Material for the task:
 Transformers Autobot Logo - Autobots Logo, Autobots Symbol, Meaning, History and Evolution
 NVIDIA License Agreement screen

---

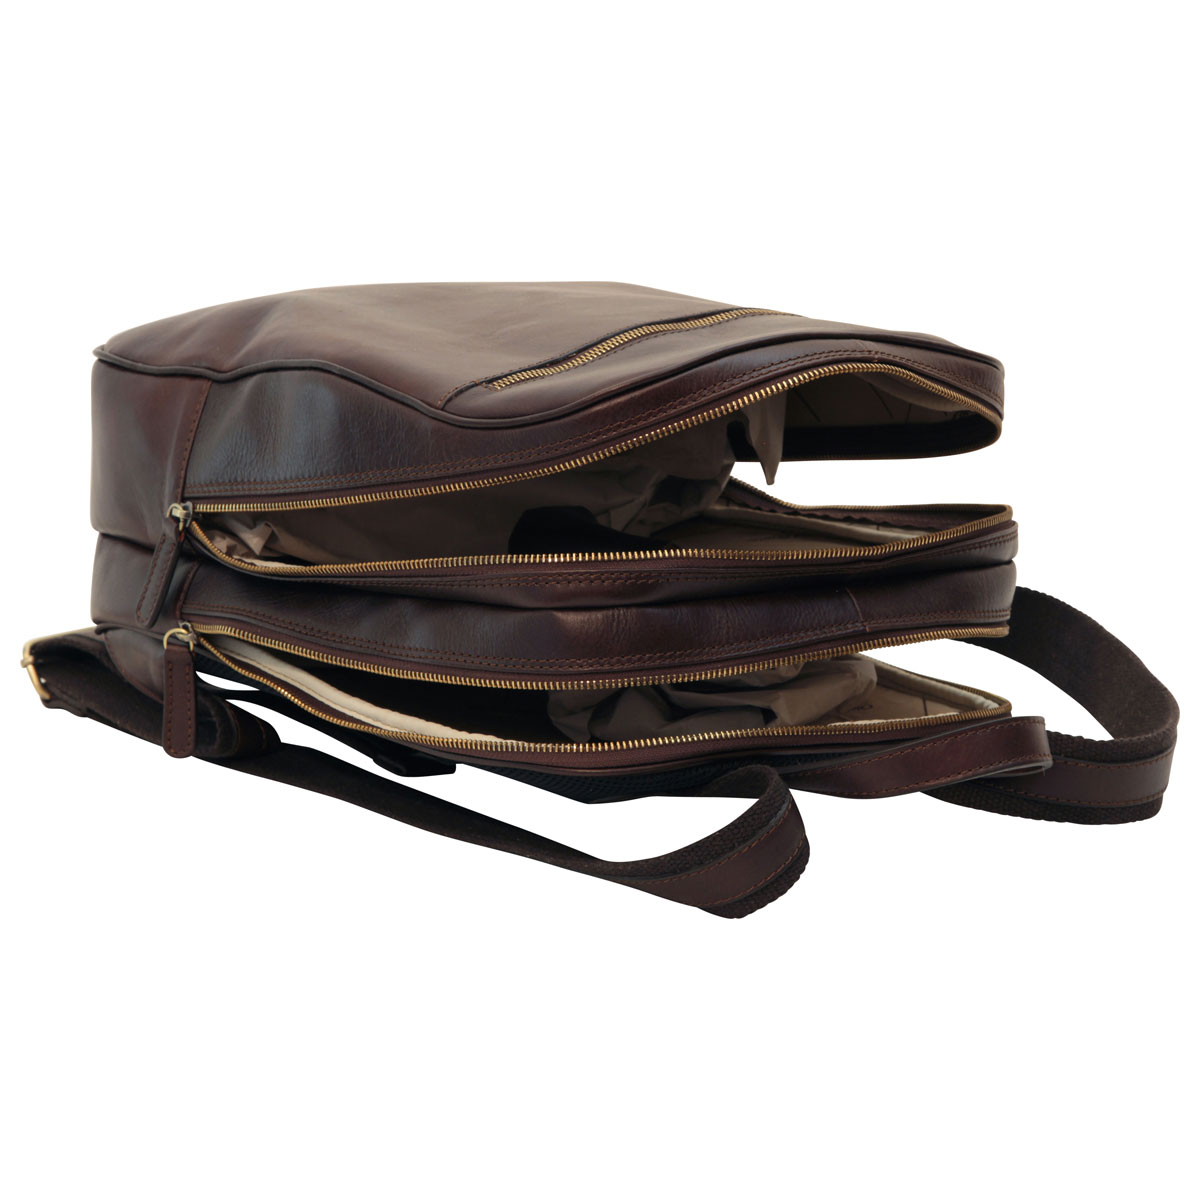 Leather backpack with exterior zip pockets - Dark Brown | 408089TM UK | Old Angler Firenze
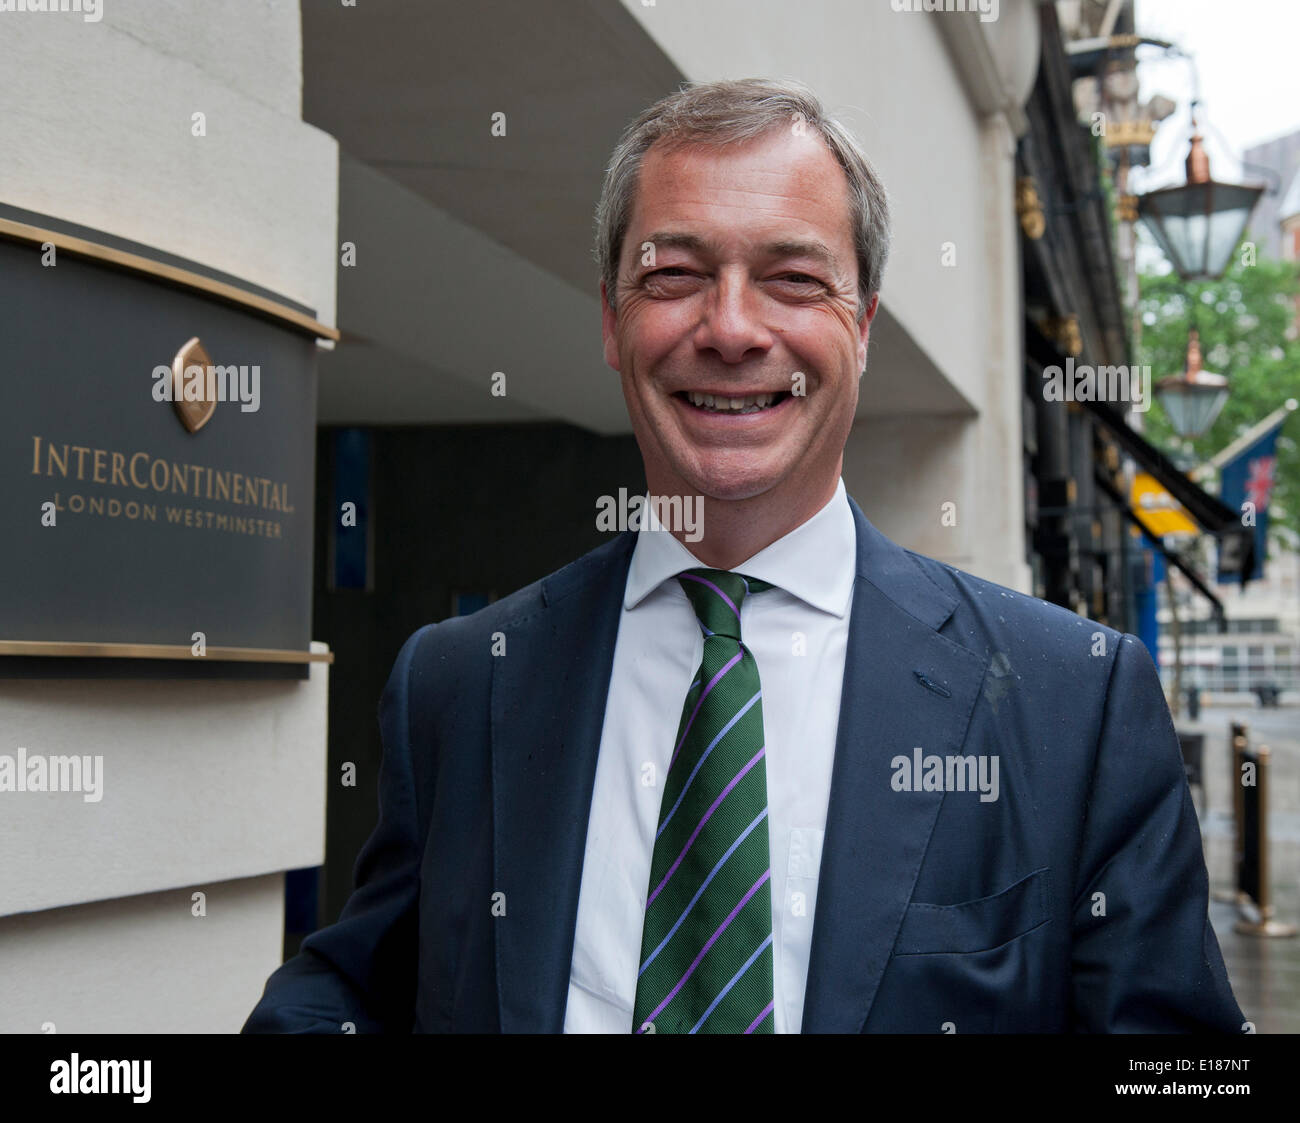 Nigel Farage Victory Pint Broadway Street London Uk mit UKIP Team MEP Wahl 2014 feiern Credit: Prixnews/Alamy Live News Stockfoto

---

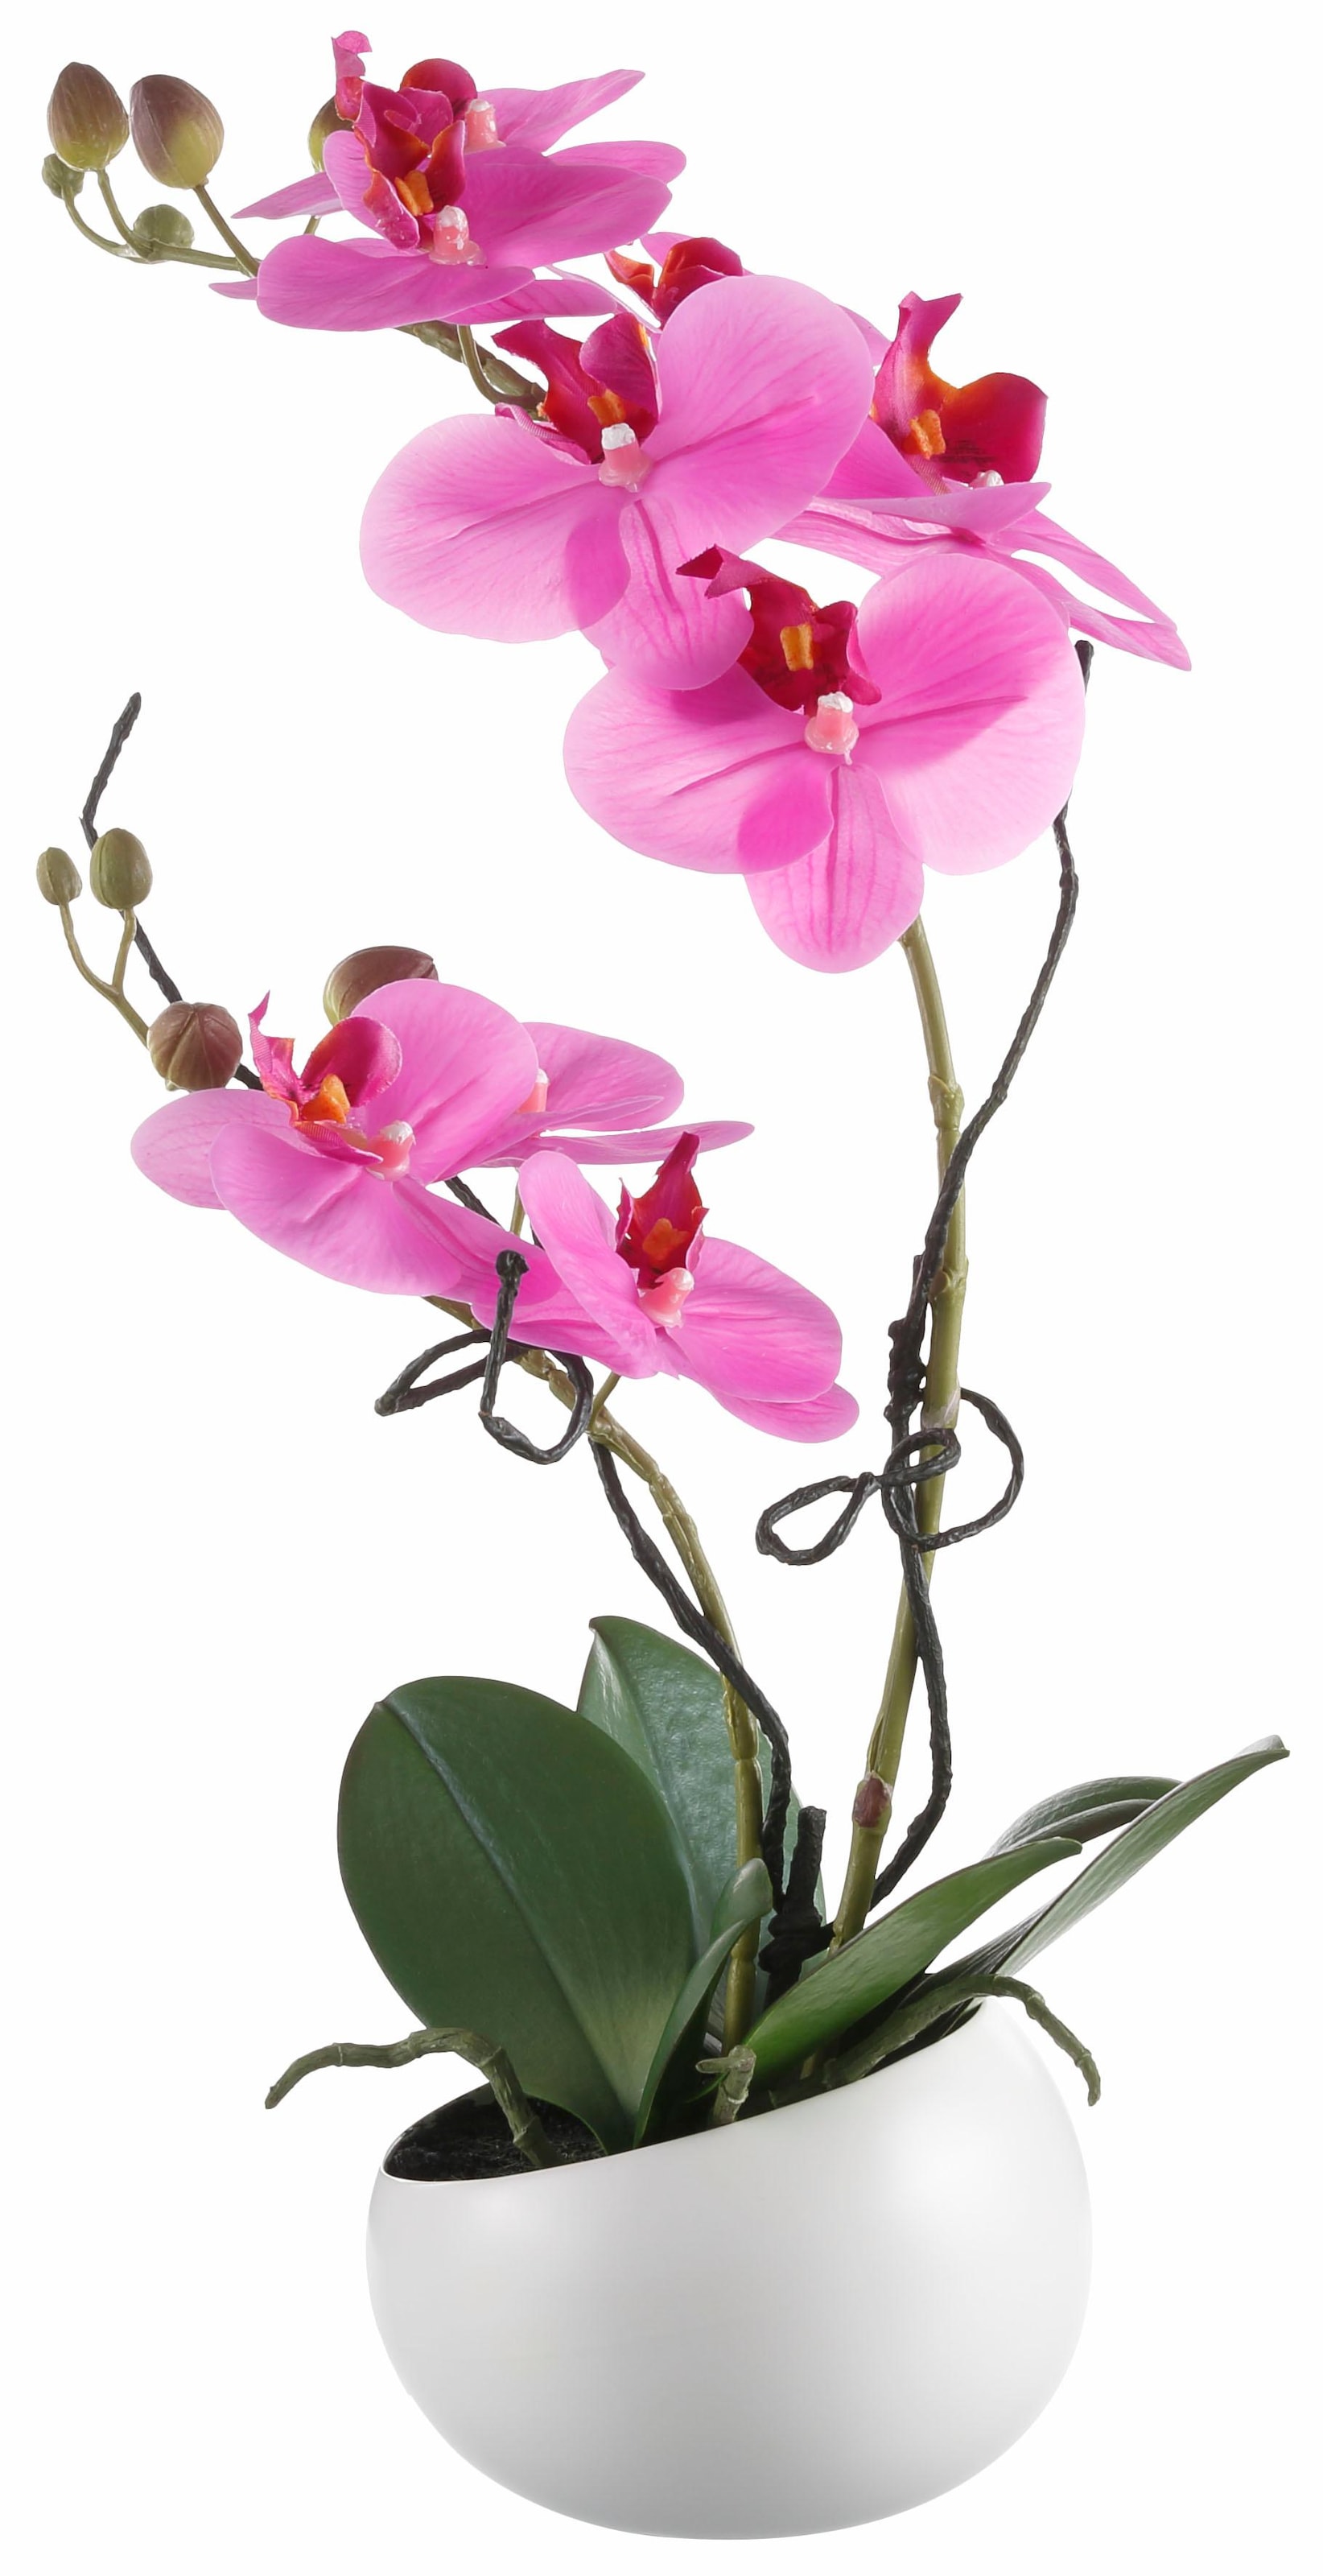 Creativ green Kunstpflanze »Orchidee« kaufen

What is required: From the entries above, print the lines beginning at the one with "Transformers Autobot Logo" and stopping after the one with "NVIDIA License Agreement screen", exactly as written and with nothing else.

Written answer:
 Transformers Autobot Logo - Autobots Logo, Autobots Symbol, Meaning, History and Evolution
 NVIDIA License Agreement screen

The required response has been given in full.